In the above diagram, the aileron deflection is depicted as a "twist" in the wing chord line that counteracts the "twist" in the relative wind and allows the net roll torque to be zero (meaning that the rolling motion can be sustained indefinitely with no increase or decrease in roll rate) at some useful, non-zero rate of roll. The details of roll control via spoilerons or weight-shift are slightly different but the end result is the same--as the roll rate increases, eventually the unfavorable roll torque from the "twist" in the relative wind counteracts the favorable roll torque from the spoilerons or weight-shift, and the roll rate cannot increase any further.
When a flex-wing hang glider is rolling to a steeper bank angle, the trailing edge tension changes in a way that partially counteracts this "aerodynamic damping in the roll axis" and allows the pilot to achieve a much higher roll rate than he could with the same weight-shift control input if the wing were completely rigid. The trailing edge of the mid-span part of the descending wing billows upward, reducing camber, angle-of-attack, and lift at this part of the wing. The washout near the tip of the descending wing increases, decreasing the angle-of-attack and lift at this part of the wing. The trailing edge of the mid-span part of the rising wing is pulled downward, increasing camber, angle-of-attack, and lift at this part of the wing. The washout near the tip of the rising wing decreases, increasing the angle-of-attack and lift at this part of the wing. These effects are somewhat analogous to the effects of ailerons. But it's worth noting that these changes in the shape of the wing are direct evidence that the lift-per-unit-area is higher on the descending wing than on the rising wing--that's the nature of a "passive" flexible wing with no active aerodynamic controls. In this situation, the reason that the roll rate is constant rather than decreasing is that the pilot is keeping his body to the low side of the aircraft centerline. This means that in relation to the CG of the whole system, the area of the descending wing is smaller than the area of the rising wing. This allows the total lift--or more accurately, the total roll torque--created by each wing to be equal. Naturally, if the flex in the wing shape were driven by an "active" wing warping system rather than a "passive" system, this zero-net-roll torque, constant-roll-rate scenario could be achieved even if the pilot's body was kept on the aircraft centerline.

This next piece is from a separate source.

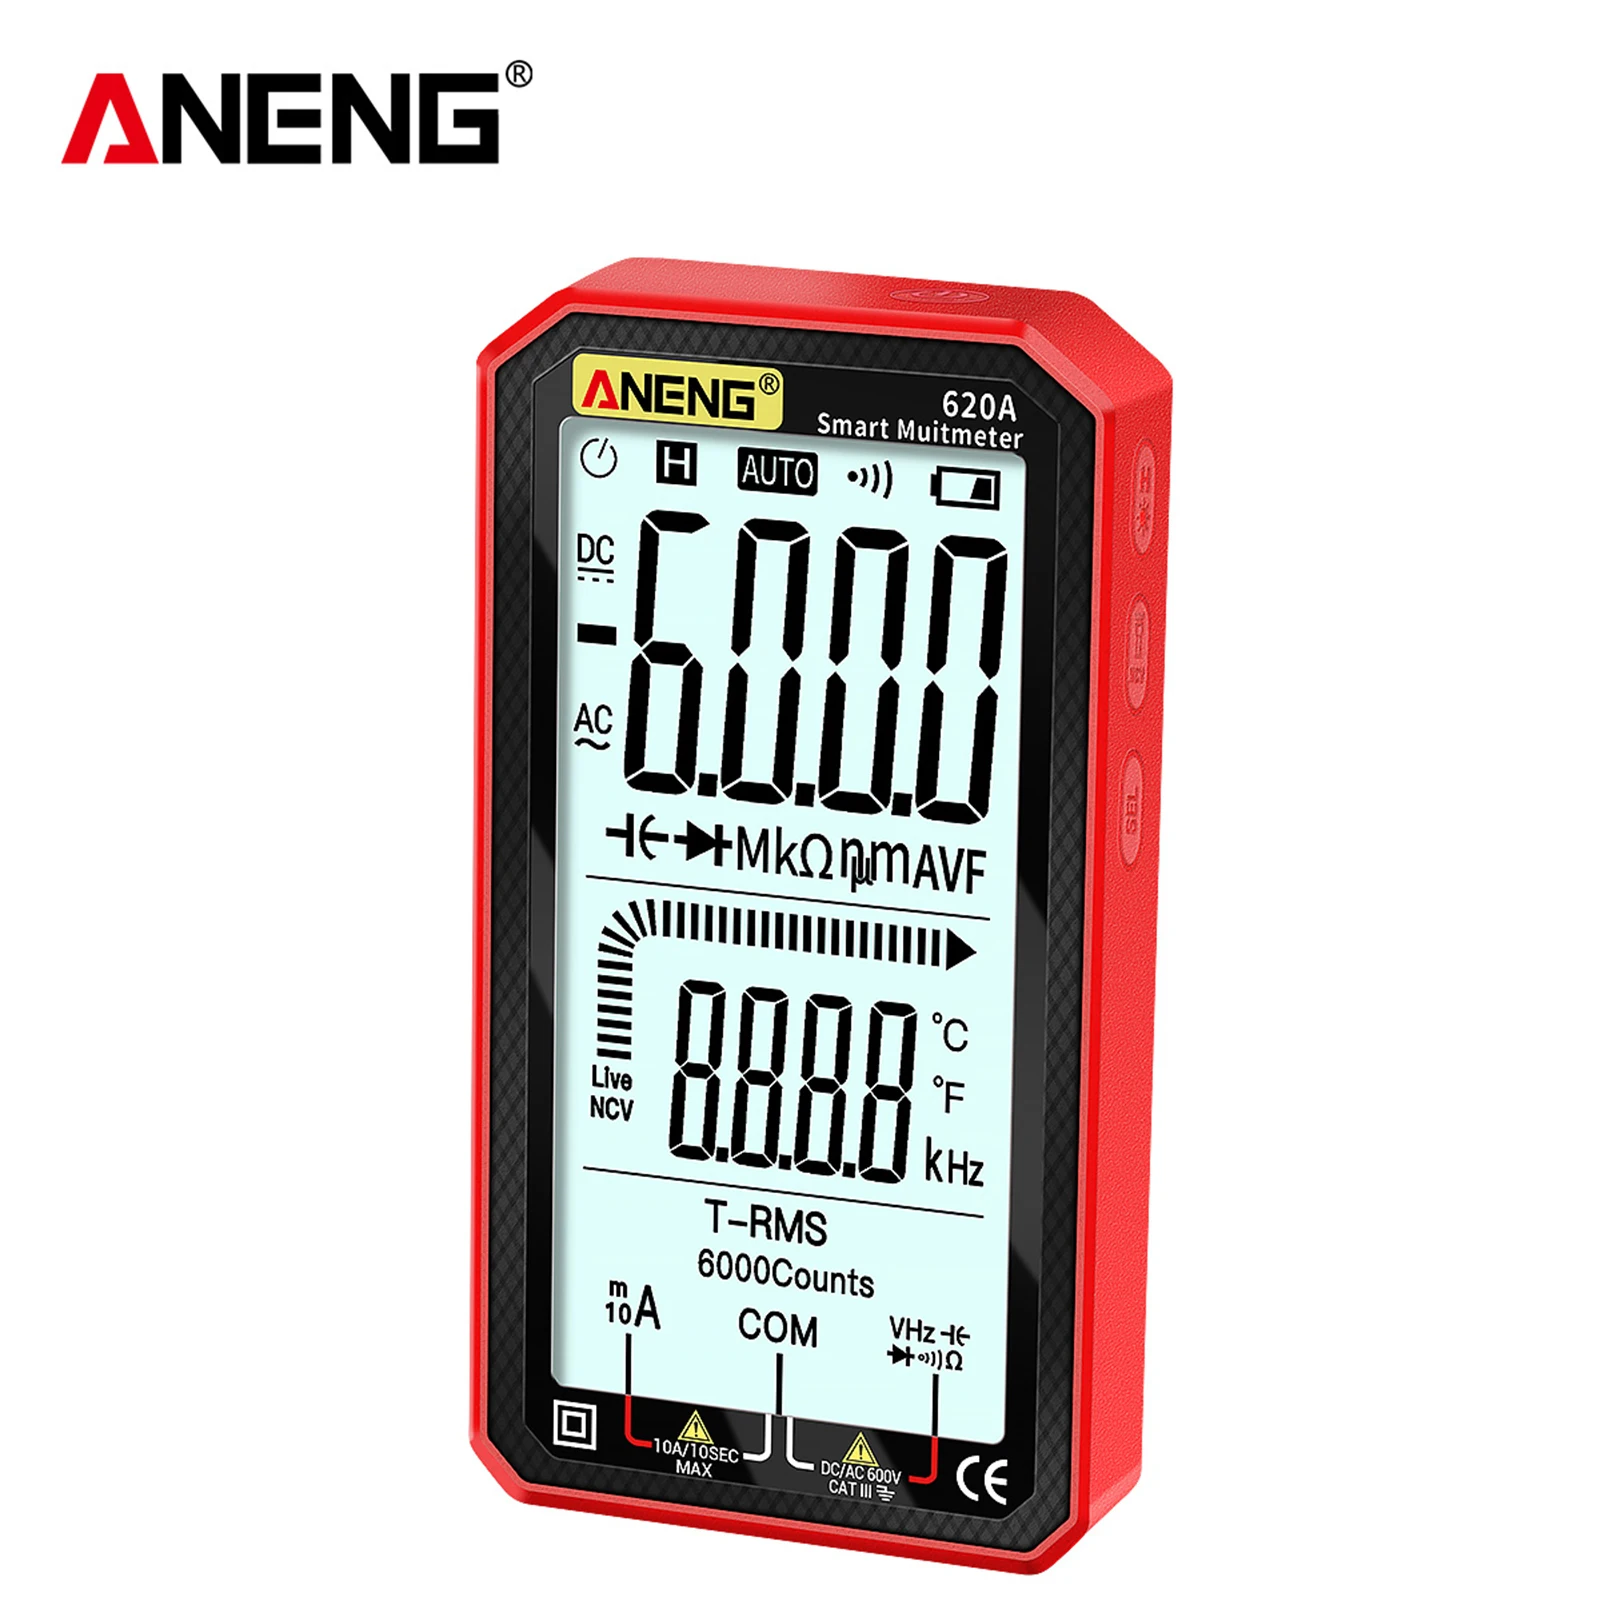 

ANENG True-RMS Auto-Ranging Digital Multimeter with Amp Volt Ohm Capacitance Continuity Temperature Frequency Diode Tests

Our discussion up to this point really has been aimed at cases where the pilot is making a strong roll input and achieving a brisk roll rate, so that other aerodynamic effects are relatively unimportant in comparison to the pilot's roll input and the resulting roll damping due to the "twist in the relative wind". But we'll see the same twist in the relative wind, which will lead to the same adverse yaw effect and the same roll damping effect, when a glider is rolling due to some other cause, such as a difference in airspeed and lift between the two wingtips. The rolling motion of the aircraft with respect to the airmass is the key factor here, not whether or not the pilot is making a rolling-in control input or rolling-out control input. The situation is more complex when one wing is struck by a vertical gust--here the twist in the relative wind may be opposite to the direction shown in the above link, because at the instant the vertical gust is striking one wing, the airflow is forcing, rather than resisting, the rolling motion. In this case we may not see "adverse yaw" in the usual sense, at least initially.